Doctor of Philosophy (PhD)

Document Type

Doctoral Dissertation




Pharmacology and Nutritional Sciences

First Advisor

Dr. Hiroshi Saito


Sepsis, or the organ damage that ensues after the body fails to properly contain a local infection, is the leading cause of in-patient hospitalization in the United States. Advances in critical care medicine over the last 20 years have enabled most sepsis patients to survive the life-threatening dysregulated immune response. However, a majority of survivors report chronic weakness and fatigue years after sepsis, and the cause of this weakness remains largely unknown. This dissertation work focused first on elucidating the major causes of post-sepsis muscle weakness (Aim 1). This aim involved a time-course study to determine when muscle weakness was the greatest, combining functional and molecular analyses to further reveal the underlying causes. These data indicated mitochondrial abnormalities cause progressive muscle weakness after sepsis, as noted by persisting transcriptional, functional, and proteomic changes.
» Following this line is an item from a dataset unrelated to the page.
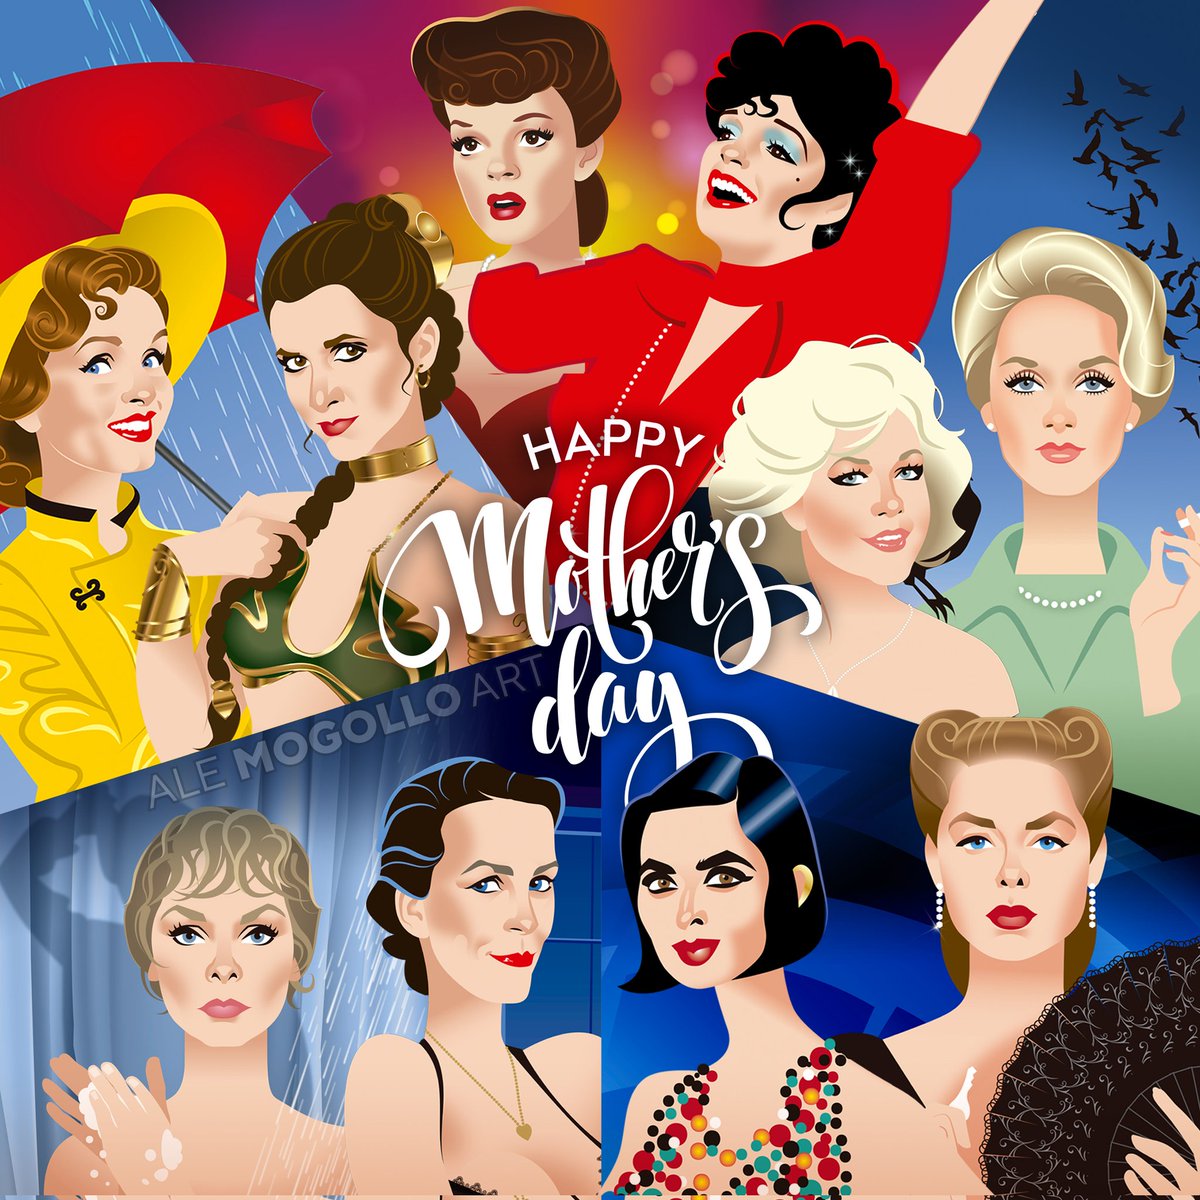 Showbiz moms and daughters ❤️ Happy Mother’s Day to all of you who celebrate today!
#debbiereynolds #carriefisher #isabellarossellini #ingridbergman #tippihedren #melaniegriffith #lizaminnelli #judygarland #janetleigh #jamieleecurtis #mothersday #happymothersday #alejandromogollo

Then I evaluated the effectiveness of the mitochondrial protecting enzyme MnSOD in preventing post-sepsis skeletal muscle weakness (Aim 2). This study examined if overexpression led to differences in skeletal muscle function following severe sepsis when compared to wildtype mice and how these functional deficits related to non-sepsis control mice. Finally, therapeutic strategies were evaluated in Aim 3. Neither providing higher oxygen concentrations during acute sepsis nor allowing for voluntary exercise after sepsis survival reduced debilitating muscle weakness. However, pharmacological treatments showed significant promise. The mitochondria-localizing tetrapeptide SS-31 provided protection against skeletal muscle weakness when administered after the development of severe sepsis. A combination of functional, histological, and biochemical techniques was utilized to provide a comprehensive overview on how mitochondrial protection prevented long-term weakness. Collectively, these studies demonstrate that mitochondrial abnormalities cause muscle weakness after sepsis. Mitochondria therefore serve as viable therapeutic targets in post-sepsis skeletal muscle weakness. Accordingly, this work suggests that mitochondria-targeting therapeutic approaches could allow sepsis survivors to recover from post-sepsis muscle weakness.